EXTRACTED ENTRIES: Begin

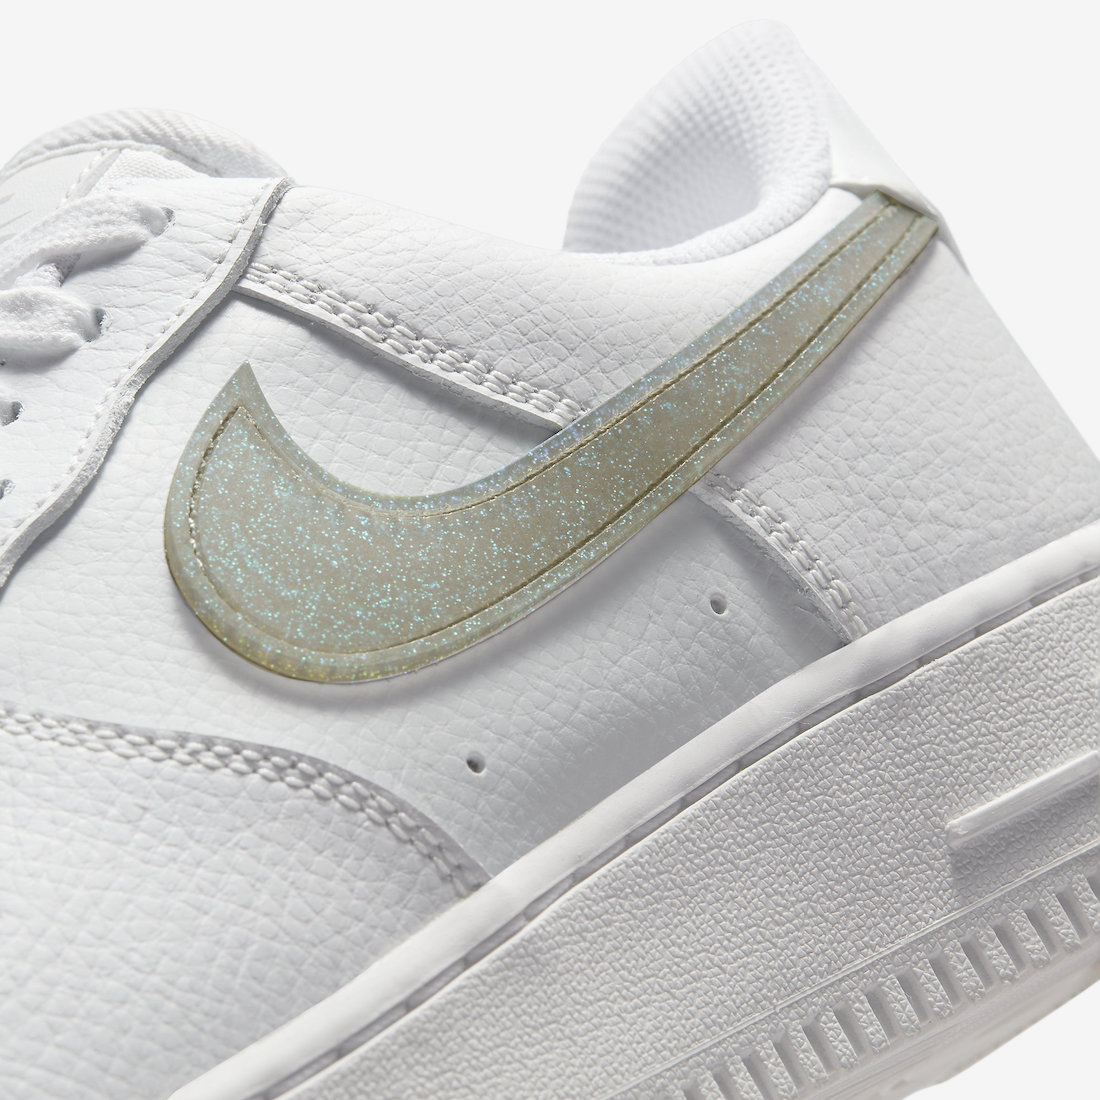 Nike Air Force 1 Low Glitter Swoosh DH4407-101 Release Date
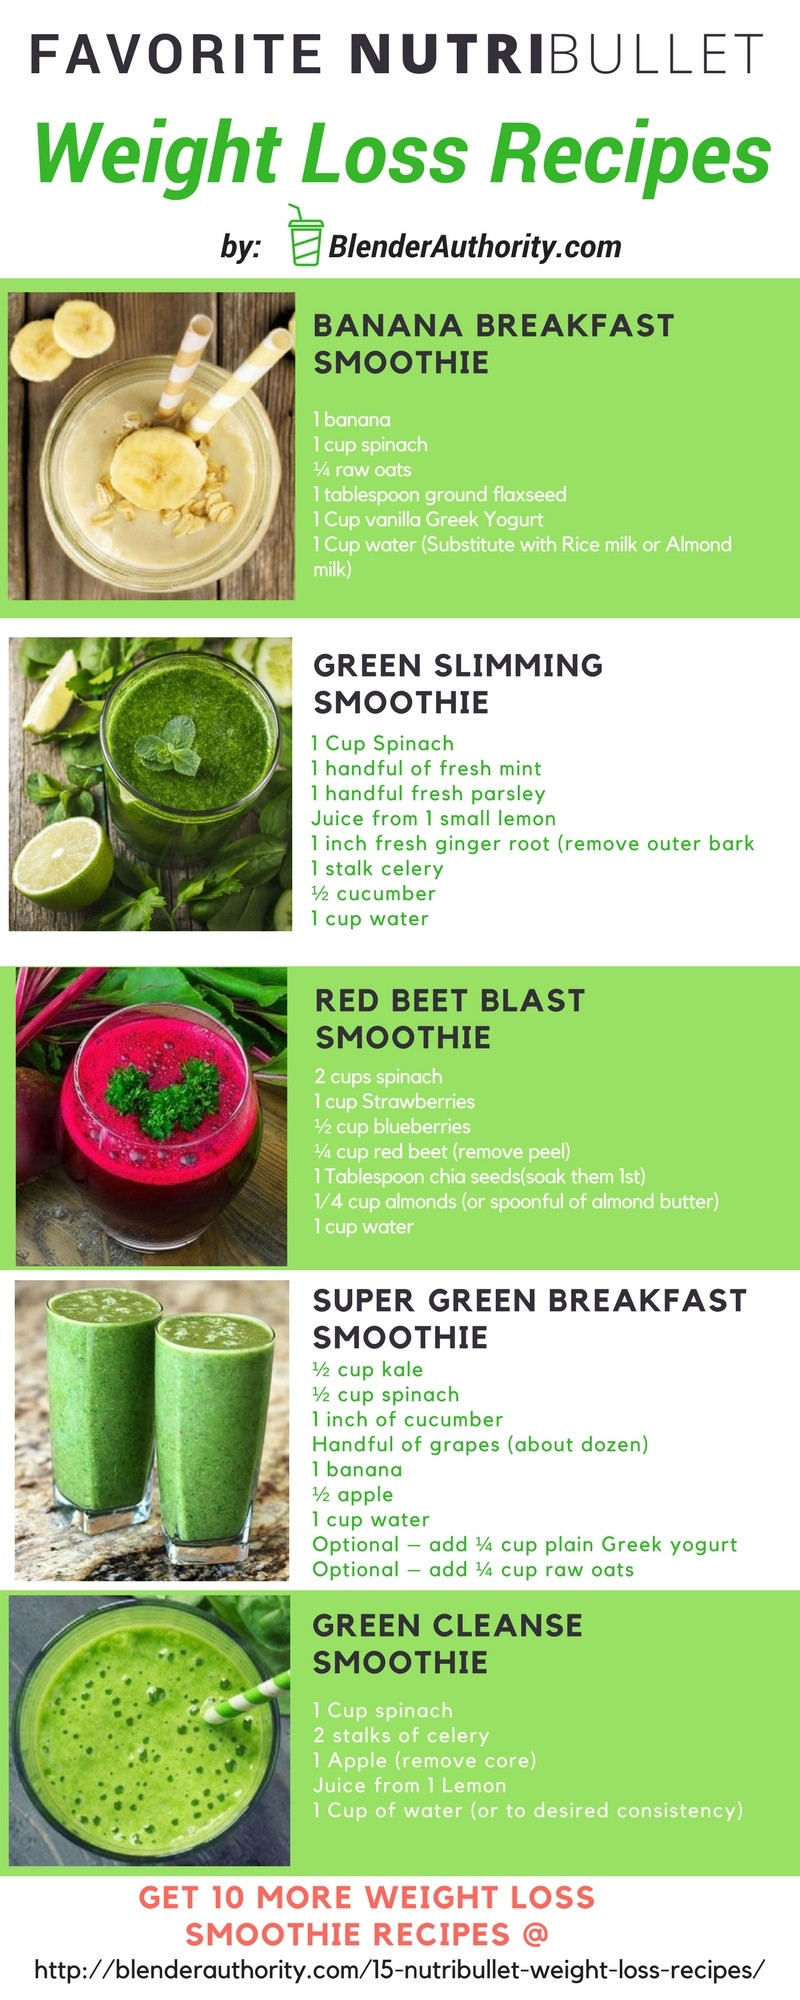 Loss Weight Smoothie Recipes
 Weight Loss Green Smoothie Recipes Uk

EXTRACTED ENTRIES: End
EXTRACTED ENTRIES: Begin

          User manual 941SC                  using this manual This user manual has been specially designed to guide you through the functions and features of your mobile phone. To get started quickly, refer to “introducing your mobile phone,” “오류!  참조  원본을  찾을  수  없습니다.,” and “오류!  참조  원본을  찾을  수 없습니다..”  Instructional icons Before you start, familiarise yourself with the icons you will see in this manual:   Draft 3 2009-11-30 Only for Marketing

EXTRACTED ENTRIES: End

Leaving out the pictures, please output the lines in the entries above from the one with "Nike Air Force" through the one with "Weight Loss Green Smoothie Recipes Uk", exactly as they are.

 Nike Air Force 1 Low Glitter Swoosh DH4407-101 Release Date
 Loss Weight Smoothie Recipes
 Weight Loss Green Smoothie Recipes Uk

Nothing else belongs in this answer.